"""

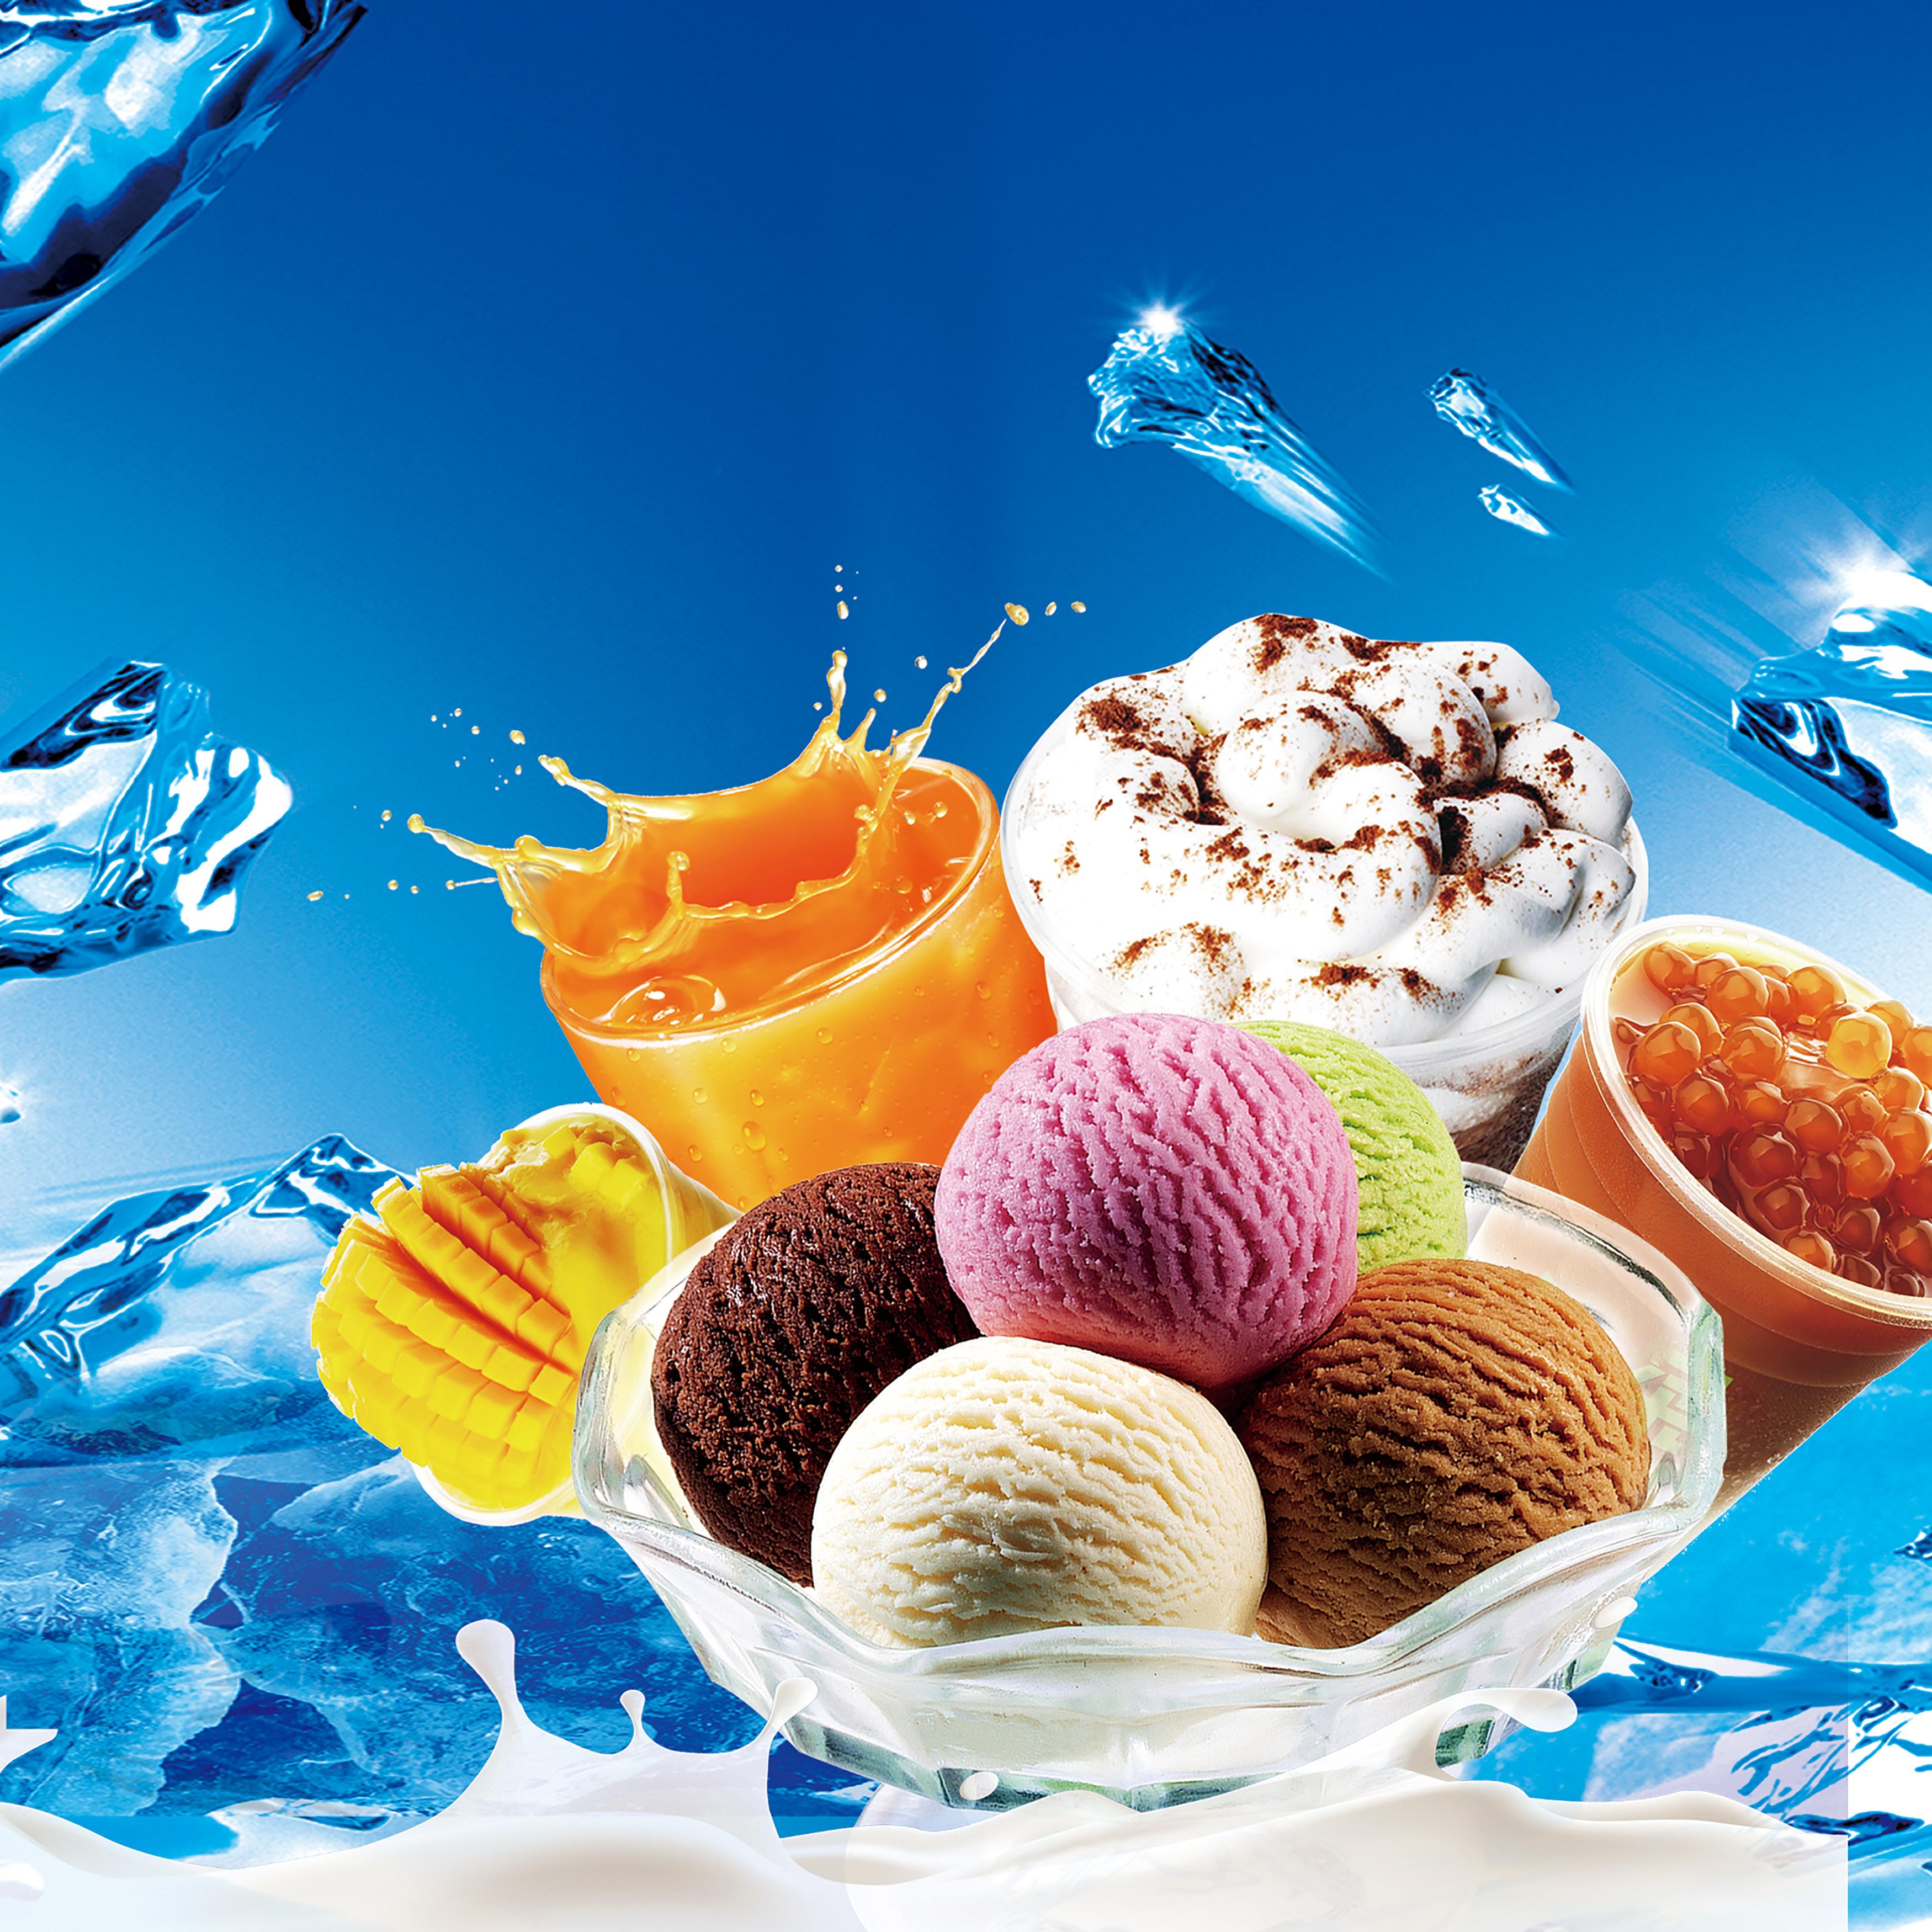 Ice Cream Wide Wallpapers Free: Decoração A Holiday Frutas Celebração Background Alimentos
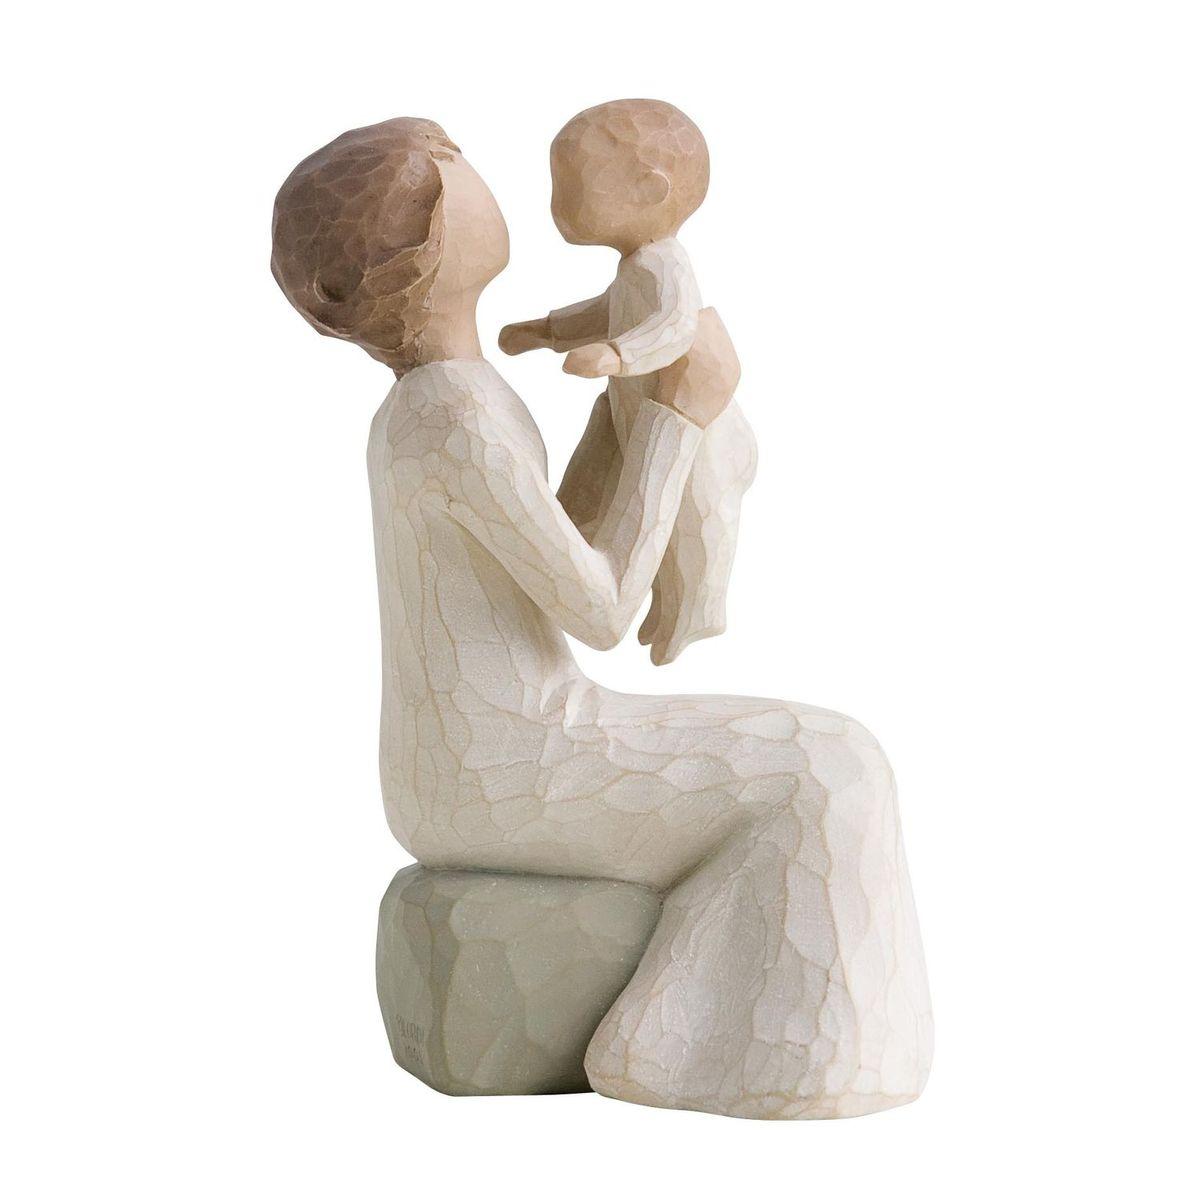 Фигурка декоративная Willow Tree Бабушка, высота 14,5 см10850/1W GOLD IVORYДекоративная фигурка Willow Tree создана канадским скульптором Сьюзан Лорди. Фигурка выполнена из искусственного камня (49% карбонат кальция мелкозернистой разновидности, 51% искусственный камень).Фигурка Willow Tree – это настоящее произведение искусства, образная скульптура в миниатюре, изображающая эмоции и чувства, которые помогают чувствовать себя ближе к другим, верить в мечту, выражать любовь.Фигурка помещена в красивую упаковку.Купить такой оригинальный подарок, значит не только украсить интерьер помещения или жилой комнаты, но выразить свое глубокое отношение к любимому человеку. Этот прекрасный сувенир будет лучшим подарком на день ангела, именины, день рождения, юбилей.
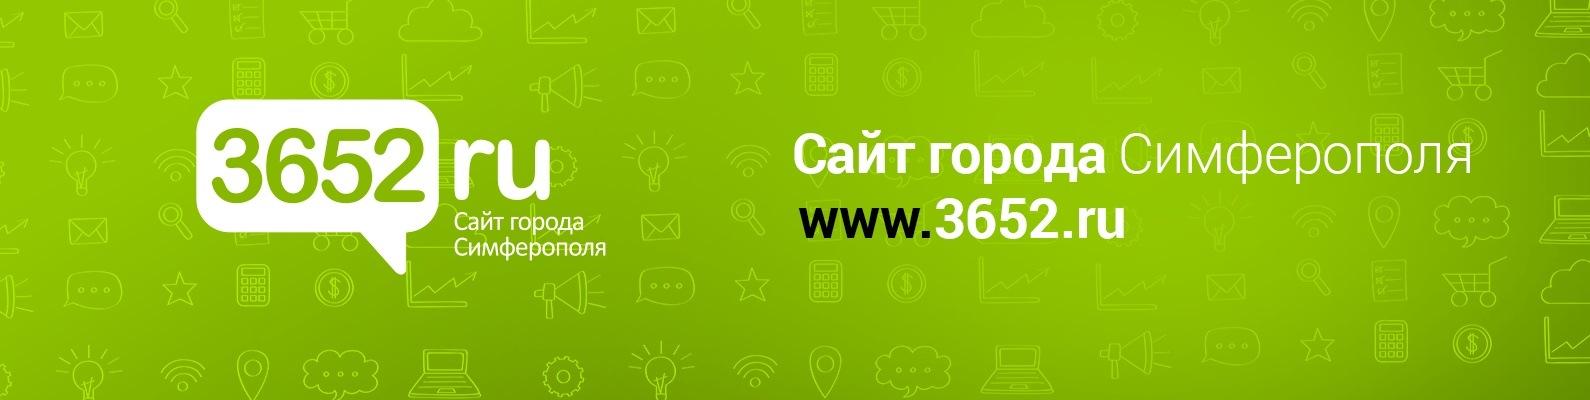 3652 сайт города симферополя новости интересные истории из жизни людей про любовь
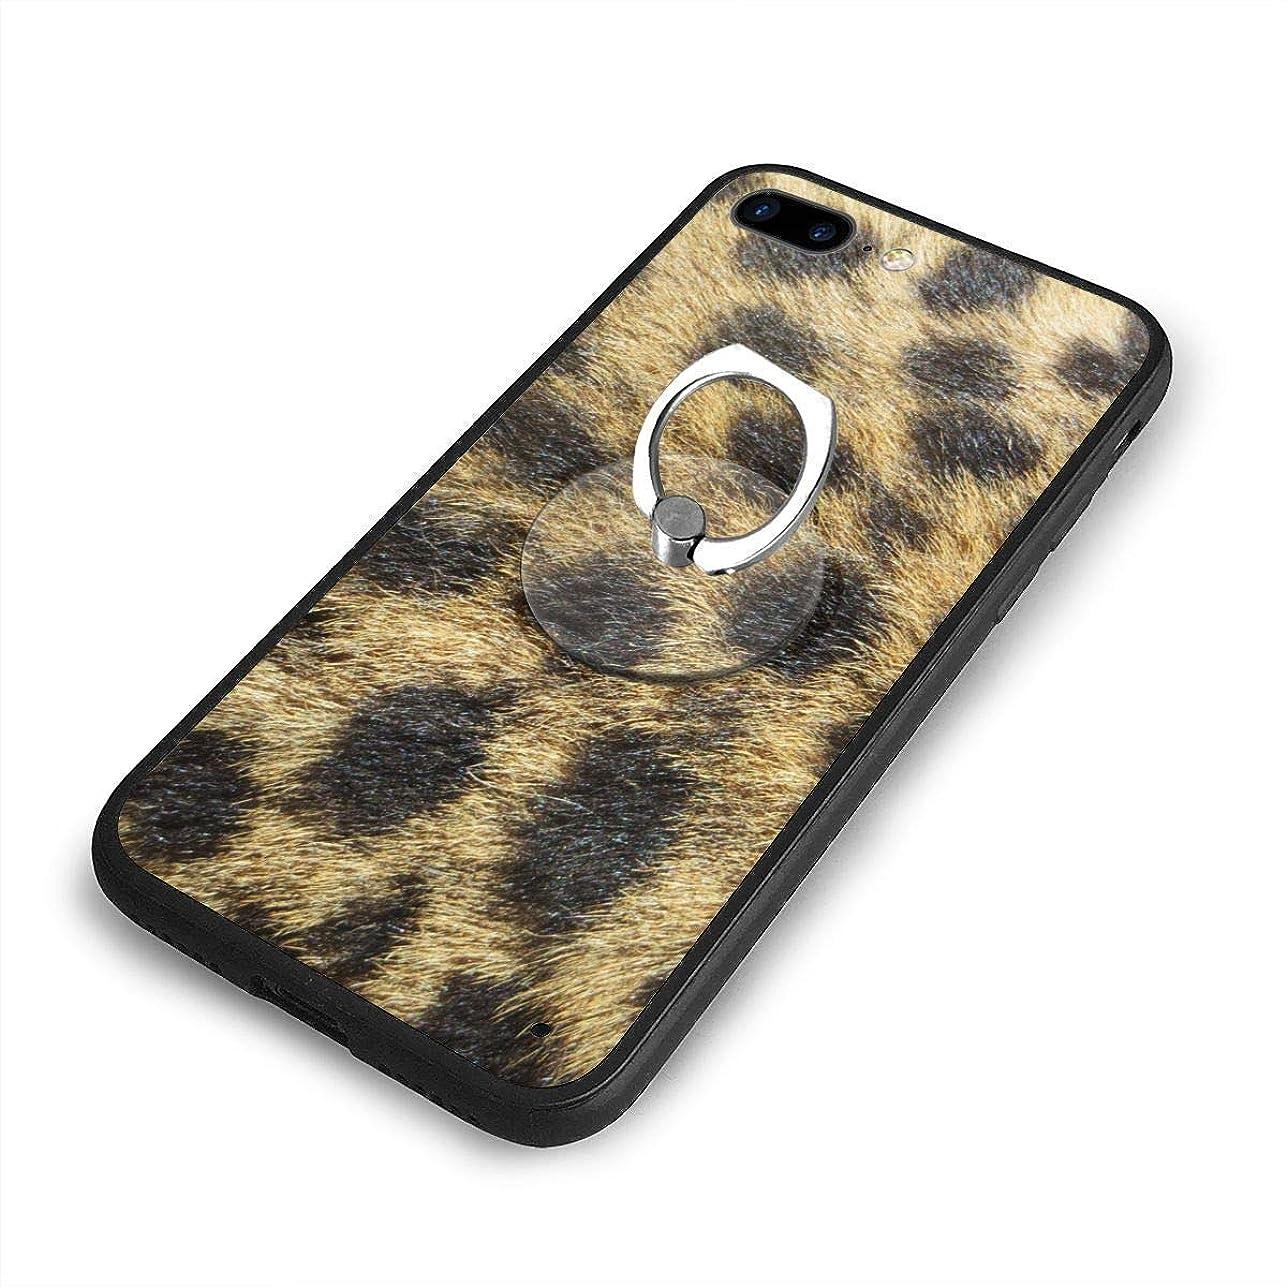 鷲冷えるチェリー茶色と黒の織物iPhone 7/8 Plusケースリングブラケット 携帯カバー 創意デザイン軽量 傷つけ防止 360°回転ブラケット 携帯ケース PC 衝撃防止 全面保護

"""

Beginning with the line containing "Фигурка декоративная Willow" and ending with the last line of the listing above, output those lines exactly as written, without pictures.

| EXPECTED ANSWER |
 Фигурка декоративная Willow Tree Бабушка, высота 14,5 см10850/1W GOLD IVORYДекоративная фигурка Willow Tree создана канадским скульптором Сьюзан Лорди. Фигурка выполнена из искусственного камня (49% карбонат кальция мелкозернистой разновидности, 51% искусственный камень).Фигурка Willow Tree – это настоящее произведение искусства, образная скульптура в миниатюре, изображающая эмоции и чувства, которые помогают чувствовать себя ближе к другим, верить в мечту, выражать любовь.Фигурка помещена в красивую упаковку.Купить такой оригинальный подарок, значит не только украсить интерьер помещения или жилой комнаты, но выразить свое глубокое отношение к любимому человеку. Этот прекрасный сувенир будет лучшим подарком на день ангела, именины, день рождения, юбилей.
 3652 сайт города симферополя новости интересные истории из жизни людей про любовь
 鷲冷えるチェリー茶色と黒の織物iPhone 7/8 Plusケースリングブラケット 携帯カバー 創意デザイン軽量 傷つけ防止 360°回転ブラケット 携帯ケース PC 衝撃防止 全面保護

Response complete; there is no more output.